__What the task asks__. An acceptable answer contains each line of the material, unchanged.

━━━━━ Extracted records ━━━━━

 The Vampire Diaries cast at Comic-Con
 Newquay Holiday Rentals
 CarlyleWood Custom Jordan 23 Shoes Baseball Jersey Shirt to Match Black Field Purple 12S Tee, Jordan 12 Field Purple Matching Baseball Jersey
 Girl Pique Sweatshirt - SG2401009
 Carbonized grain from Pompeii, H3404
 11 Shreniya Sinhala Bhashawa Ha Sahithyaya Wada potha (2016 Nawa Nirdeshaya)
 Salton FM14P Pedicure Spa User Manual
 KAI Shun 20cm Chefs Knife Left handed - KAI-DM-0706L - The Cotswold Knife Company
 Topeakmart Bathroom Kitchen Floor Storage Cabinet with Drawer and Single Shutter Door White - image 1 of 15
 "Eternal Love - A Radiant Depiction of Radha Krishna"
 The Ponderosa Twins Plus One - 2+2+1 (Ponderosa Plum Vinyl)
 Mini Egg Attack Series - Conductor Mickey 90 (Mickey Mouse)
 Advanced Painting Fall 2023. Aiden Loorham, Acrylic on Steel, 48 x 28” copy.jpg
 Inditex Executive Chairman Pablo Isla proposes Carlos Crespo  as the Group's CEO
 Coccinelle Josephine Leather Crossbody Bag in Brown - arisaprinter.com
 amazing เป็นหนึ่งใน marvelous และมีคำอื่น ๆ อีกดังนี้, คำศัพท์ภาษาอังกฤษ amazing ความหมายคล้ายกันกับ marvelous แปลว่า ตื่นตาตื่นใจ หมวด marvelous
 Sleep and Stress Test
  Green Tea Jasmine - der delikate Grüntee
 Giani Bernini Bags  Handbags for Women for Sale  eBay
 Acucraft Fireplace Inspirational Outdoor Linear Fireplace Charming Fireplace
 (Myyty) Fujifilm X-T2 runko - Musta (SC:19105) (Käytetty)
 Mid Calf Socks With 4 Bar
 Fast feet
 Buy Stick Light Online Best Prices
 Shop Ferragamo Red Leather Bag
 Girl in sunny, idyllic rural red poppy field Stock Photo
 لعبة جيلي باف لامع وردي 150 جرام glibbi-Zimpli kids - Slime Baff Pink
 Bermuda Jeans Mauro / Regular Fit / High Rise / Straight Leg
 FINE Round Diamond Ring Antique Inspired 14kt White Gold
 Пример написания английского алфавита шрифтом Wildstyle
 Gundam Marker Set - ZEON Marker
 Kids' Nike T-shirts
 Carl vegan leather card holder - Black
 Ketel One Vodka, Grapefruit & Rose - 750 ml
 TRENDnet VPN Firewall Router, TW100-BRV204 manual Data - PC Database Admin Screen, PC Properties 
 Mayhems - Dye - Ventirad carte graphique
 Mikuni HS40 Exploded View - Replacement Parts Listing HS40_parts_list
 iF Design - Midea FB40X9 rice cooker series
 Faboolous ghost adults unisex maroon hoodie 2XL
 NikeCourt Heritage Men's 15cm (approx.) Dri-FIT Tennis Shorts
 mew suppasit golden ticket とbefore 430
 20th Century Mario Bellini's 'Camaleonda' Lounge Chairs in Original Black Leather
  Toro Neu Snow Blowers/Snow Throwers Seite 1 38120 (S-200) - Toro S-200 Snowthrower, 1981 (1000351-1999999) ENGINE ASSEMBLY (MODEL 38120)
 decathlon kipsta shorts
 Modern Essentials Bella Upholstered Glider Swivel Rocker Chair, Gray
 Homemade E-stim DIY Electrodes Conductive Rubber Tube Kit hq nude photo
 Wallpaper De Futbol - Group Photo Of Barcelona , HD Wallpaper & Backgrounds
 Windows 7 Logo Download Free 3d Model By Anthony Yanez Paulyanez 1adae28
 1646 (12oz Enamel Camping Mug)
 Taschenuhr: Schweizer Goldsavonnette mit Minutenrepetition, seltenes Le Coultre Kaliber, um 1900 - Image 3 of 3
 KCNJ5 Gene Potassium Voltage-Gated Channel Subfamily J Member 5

━━━━━

__Task response__.
 The Vampire Diaries cast at Comic-Con
 Newquay Holiday Rentals
 CarlyleWood Custom Jordan 23 Shoes Baseball Jersey Shirt to Match Black Field Purple 12S Tee, Jordan 12 Field Purple Matching Baseball Jersey
 Girl Pique Sweatshirt - SG2401009
 Carbonized grain from Pompeii, H3404
 11 Shreniya Sinhala Bhashawa Ha Sahithyaya Wada potha (2016 Nawa Nirdeshaya)
 Salton FM14P Pedicure Spa User Manual
 KAI Shun 20cm Chefs Knife Left handed - KAI-DM-0706L - The Cotswold Knife Company
 Topeakmart Bathroom Kitchen Floor Storage Cabinet with Drawer and Single Shutter Door White - image 1 of 15
 "Eternal Love - A Radiant Depiction of Radha Krishna"
 The Ponderosa Twins Plus One - 2+2+1 (Ponderosa Plum Vinyl)
 Mini Egg Attack Series - Conductor Mickey 90 (Mickey Mouse)
 Advanced Painting Fall 2023. Aiden Loorham, Acrylic on Steel, 48 x 28” copy.jpg
 Inditex Executive Chairman Pablo Isla proposes Carlos Crespo  as the Group's CEO
 Coccinelle Josephine Leather Crossbody Bag in Brown - arisaprinter.com
 amazing เป็นหนึ่งใน marvelous และมีคำอื่น ๆ อีกดังนี้, คำศัพท์ภาษาอังกฤษ amazing ความหมายคล้ายกันกับ marvelous แปลว่า ตื่นตาตื่นใจ หมวด marvelous
 Sleep and Stress Test
  Green Tea Jasmine - der delikate Grüntee
 Giani Bernini Bags  Handbags for Women for Sale  eBay
 Acucraft Fireplace Inspirational Outdoor Linear Fireplace Charming Fireplace
 (Myyty) Fujifilm X-T2 runko - Musta (SC:19105) (Käytetty)
 Mid Calf Socks With 4 Bar
 Fast feet
 Buy Stick Light Online Best Prices
 Shop Ferragamo Red Leather Bag
 Girl in sunny, idyllic rural red poppy field Stock Photo
 لعبة جيلي باف لامع وردي 150 جرام glibbi-Zimpli kids - Slime Baff Pink
 Bermuda Jeans Mauro / Regular Fit / High Rise / Straight Leg
 FINE Round Diamond Ring Antique Inspired 14kt White Gold
 Пример написания английского алфавита шрифтом Wildstyle
 Gundam Marker Set - ZEON Marker
 Kids' Nike T-shirts
 Carl vegan leather card holder - Black
 Ketel One Vodka, Grapefruit & Rose - 750 ml
 TRENDnet VPN Firewall Router, TW100-BRV204 manual Data - PC Database Admin Screen, PC Properties 
 Mayhems - Dye - Ventirad carte graphique
 Mikuni HS40 Exploded View - Replacement Parts Listing HS40_parts_list
 iF Design - Midea FB40X9 rice cooker series
 Faboolous ghost adults unisex maroon hoodie 2XL
 NikeCourt Heritage Men's 15cm (approx.) Dri-FIT Tennis Shorts
 mew suppasit golden ticket とbefore 430
 20th Century Mario Bellini's 'Camaleonda' Lounge Chairs in Original Black Leather
  Toro Neu Snow Blowers/Snow Throwers Seite 1 38120 (S-200) - Toro S-200 Snowthrower, 1981 (1000351-1999999) ENGINE ASSEMBLY (MODEL 38120)
 decathlon kipsta shorts
 Modern Essentials Bella Upholstered Glider Swivel Rocker Chair, Gray
 Homemade E-stim DIY Electrodes Conductive Rubber Tube Kit hq nude photo
 Wallpaper De Futbol - Group Photo Of Barcelona , HD Wallpaper & Backgrounds
 Windows 7 Logo Download Free 3d Model By Anthony Yanez Paulyanez 1adae28
 1646 (12oz Enamel Camping Mug)
 Taschenuhr: Schweizer Goldsavonnette mit Minutenrepetition, seltenes Le Coultre Kaliber, um 1900 - Image 3 of 3
 KCNJ5 Gene Potassium Voltage-Gated Channel Subfamily J Member 5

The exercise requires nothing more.